Managing Dynamic Requirements Knowledge - An Agent-Based
Dissertation, RWTH Aachen;
Abstract: Agent- and goal-based requirements engineering can be considered established in research
for many years now. Also first successful applications to industrial practice have been
reported. Agent- and goal-based approaches explicate the functional and non-functional
goals as well as various kinds of dependencies of possibly conflicting stakeholders. Thereby,
they provide enhanced means to support elicitation, analysis, documentation, as well as
many other operations on requirements. The thesis strives to add to these advanced
support facilities by addressing dynamic issues that are not yet considered in existing
Several dynamic aspects of the requirements field have been targeted by various
research groups. For example, use cases and scenarios have been introduced to capture the
interactive features of a system to be developed. From an entirely different perspective, the
dynamics of the requirements engineering process itself has been investigated, for example
to learn how the volatility of requirements can be addressed.
Inspired by two very different case studies - support for flexible inter-organisational
networks of enterprises and the elicitation and analysis of control software requirements
in small- and medium-sized enterprises (SMEs) - we address several new dynamic issues
in a number of extensions to the i* requirements modelling framework proposed by Yu.
# First, the requirements modelling language is extended to capture the dynamic
instantiation of roles by stakeholders in a concrete project. Furthermore, these roles
can be related to each other in regard to evolutionary aspects. This allows to capture
that the characteristics of a stakeholder can change over time.

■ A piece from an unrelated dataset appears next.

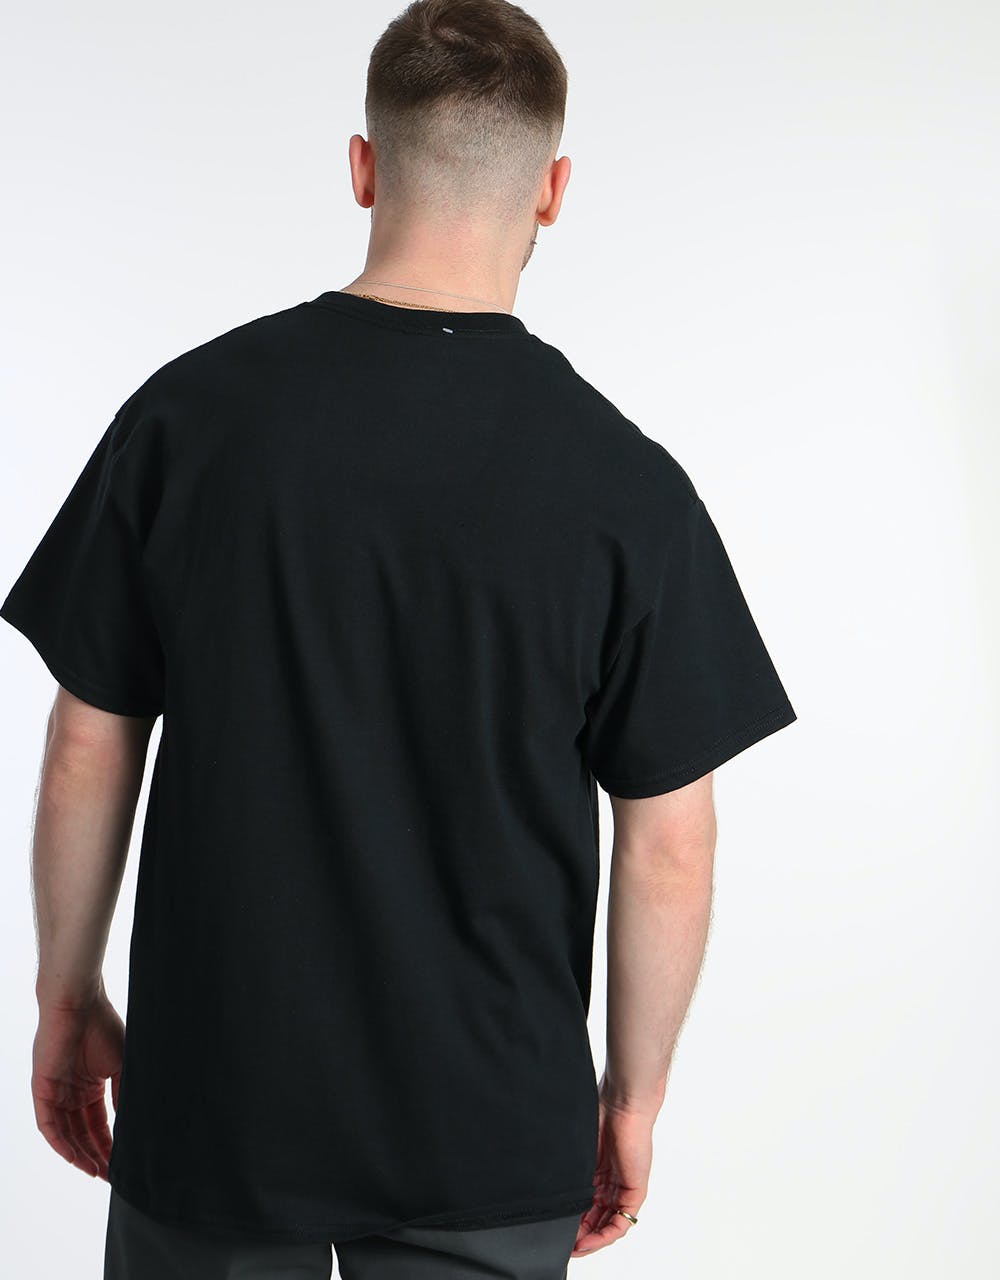 Route One Wonky T-Shirt - Black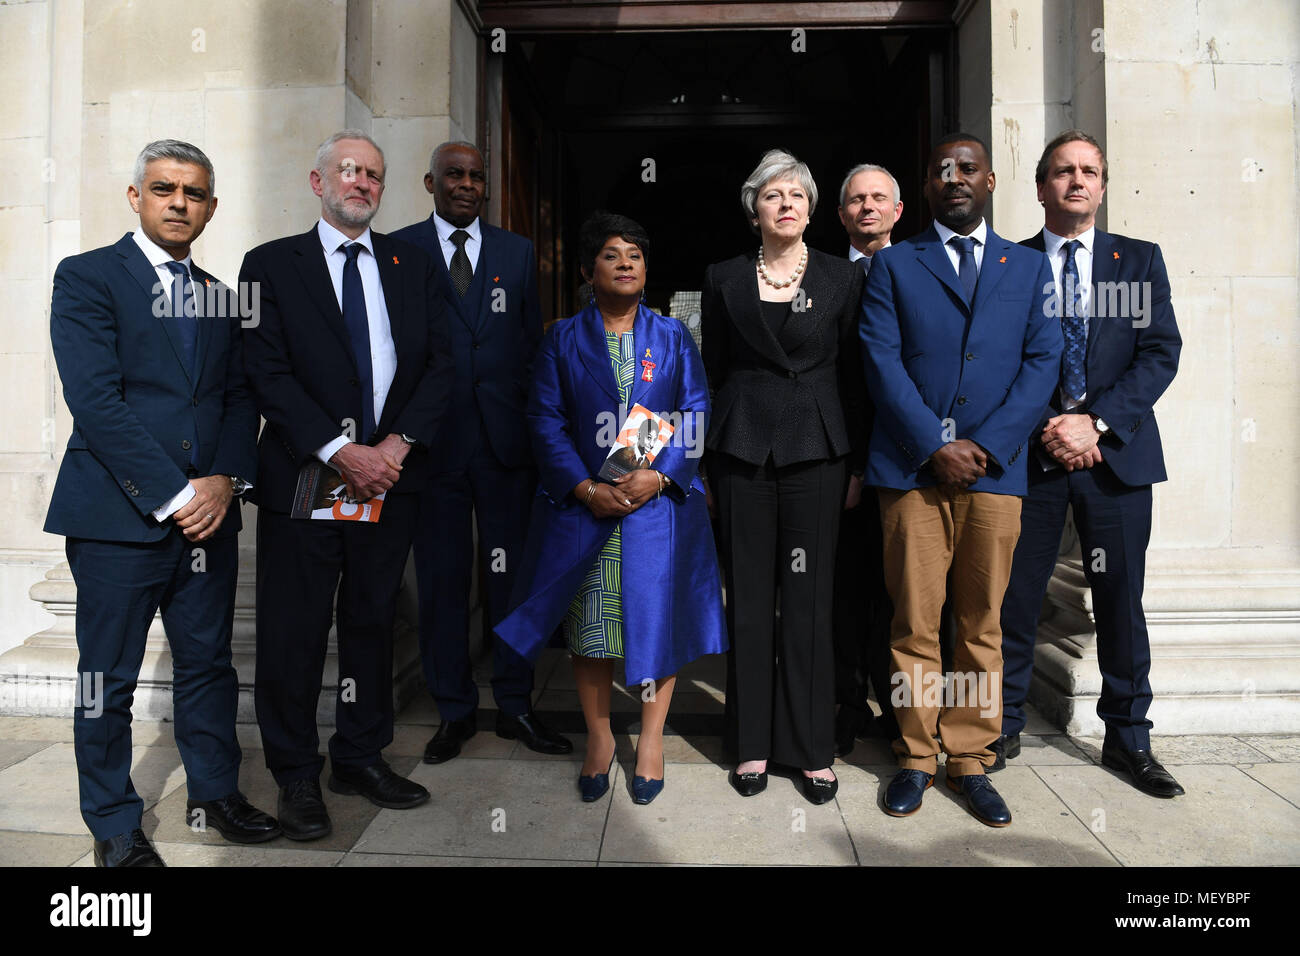 Mayor of London Sadiq Khan, Labour leader Jeremy Corbyn, Neville Lawrence, Baroness Lawrence, Prime Minister Theresa May, Cabinet Office minister David Lidington, Stuart Lawrence and Minister for Policing Nick Hurd after attending a memorial service at St Martin-in-the-Fields in Trafalgar Square, London to commemorate the 25th anniversary of the murder of Stephen Lawrence. Stock Photo

# Secondly, the capture, processing, and analysis of individual project requirements
is enhanced. The explicit representation of domain knowledge accelerates the
capturing procedure. Model-based transformations improve the integration with later
development stages. In addition, they are used as a bridge toward agent-based
simulations. Simulation experiments and advanced analysis on top of these complement
well existing formal model checking approaches.
# Thirdly, we consider the inter-project management of dynamic requirements
knowledge. A requirements-based similarity search helps to identify related historic projects
and thus to disclose potentially reusable solutions. We have also developed measures
to keep up with the fast and project-driven evolution of domain knowledge at SMEs.
A partially automated feedback loop integrates repeated, consolidated project
experiences of an SME into the earlier mentioned domain knowledge based approach.
In sum, a tailorable method with accompanying tool support is established that addresses
the raised dynamic issues. The validations within the two case studies have shown that
in particular the work within very innovative, flexible, and customer-oriented settings
benefits from the proposed extensions and thus brings forward industrial acceptance of
agent- and goal-based approaches in these fields.